52. In this respect, the IOC criticizes the Challenged Award to the extent it found otherwise on the basis of an opinion provided by the Appellant’s expert asserting that the conclusions reached by the Appellant’s expert are patently wrong and are not supported by the scientific study on which he is relying.

53. At the same time, the IOC contends that the appeal is bound to fail in any case, even if the Athlete could establish absence of fault or negligence. In fact, the disqualification under Article 9 of the IOC ADR only depends on the establishment of an objective anti-doping rule violation, without allowing any scope for its disapplication on the basis of exceptional circumstances.

54. Such conclusion is confirmed by a plain reading of Article 9 of the IOC ADR, which does not provide for any flexibility at all, and is consistent with the nature of the rule, which does not impose a sanction stricto sensu, but rather establishes a “condition of eligibility retroactively assessed”. Sanctions are in fact rather provided for by the IOC ADR at Article 10, and in their respect a measure of flexibility (implementing the principle of proportionality) is allowed. Since Article 9 contains a condition of eligibility, there is no scope for the application of proportionality: sporting bodies are entitled to regulate the conditions under which athletes may validly participate in their events; and a reasonable requirement is that participants have no prohibited substance in their body. In addition, the automatic nature of disqualification is justified by the interest to reach a rapid decision of sporting results.

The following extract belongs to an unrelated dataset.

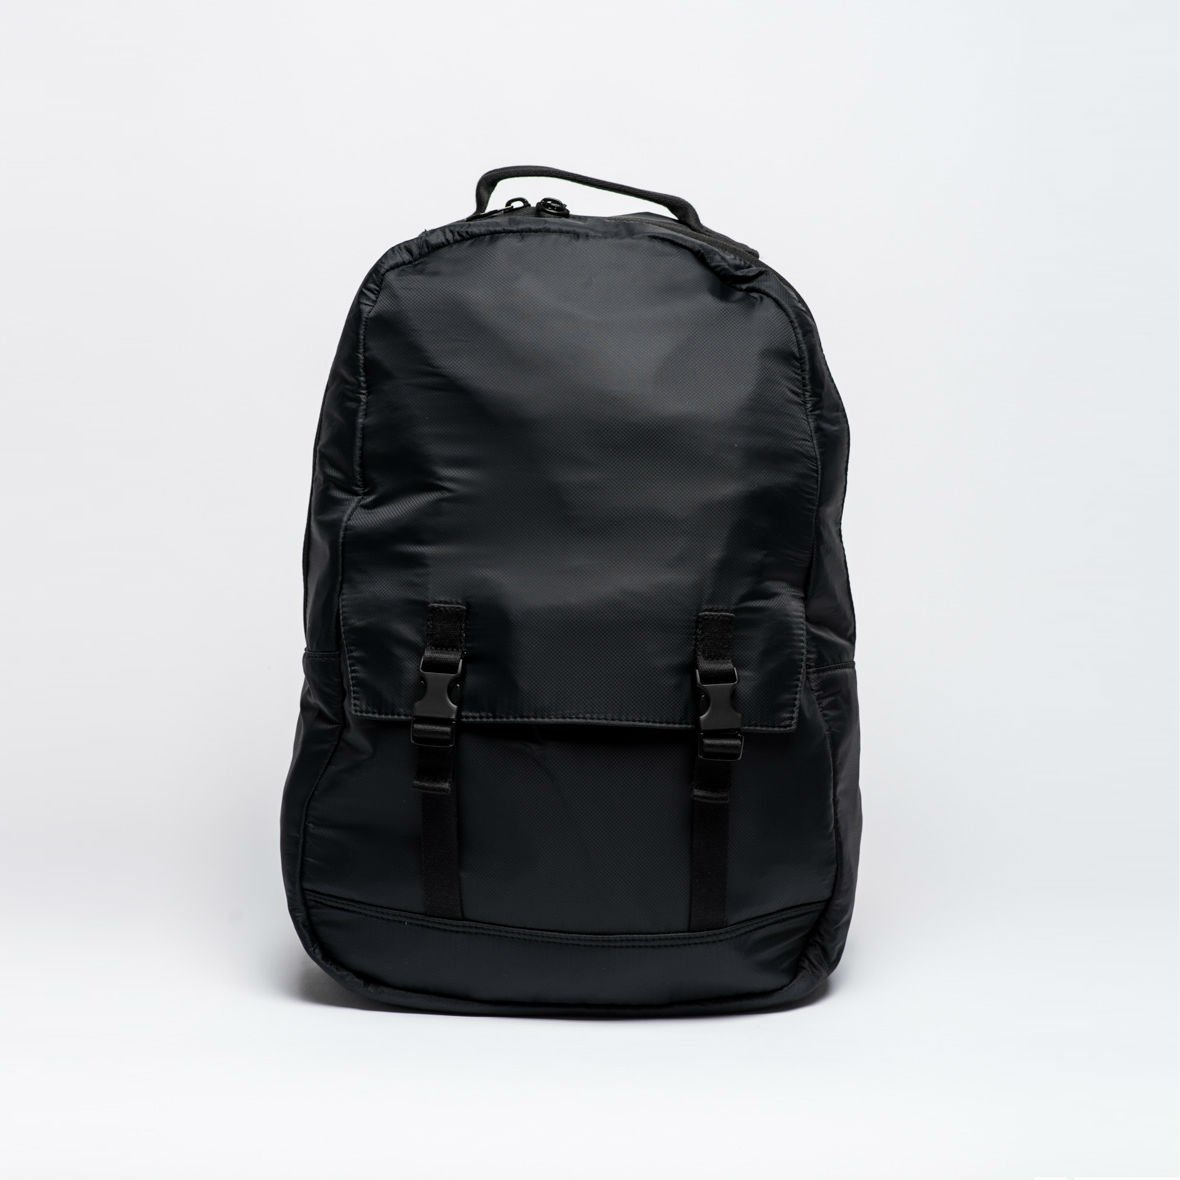 b0139f8a620 Batoh simple pocket backpack ripstop black levně

55. The Respondent underlines that automatic disqualification has been consistently applied in all CAS precedents, even when the Panel found that the athlete concerned did not bear any fault

or negligence and did not benefit from a performance-enhancing effect. At the same time, the Respondent submits that the precedents invoked by the Appellant do not support his case, because: i. The Backstrom case does not meet the present case, because it concerned disqualification of results not in an individual sport, but in a team sport, and because there were no rules providing for disqualification of results in such a case; ii. the WADA Notice on Meldonium referred to by the Athlete confirms a fortiori that the intake of a listed prohibited substance must lead to disqualification of results, irrespective of any fault; iii. the consent award in CAS 2016/A/4842 is irrelevant, since it merely amounts to an application of the WADA Notice on Meldonium; iv. the case of an athlete competing on the basis of a valid TUE is completely different, and is subject to strict requirements, which include the verification of the absence of any advantage granted to the athlete. The very existence of a TUE means that no anti-doping rule violation is committed by the athlete who has one and Article 9 of the IOC ADR is accordingly irrelevant.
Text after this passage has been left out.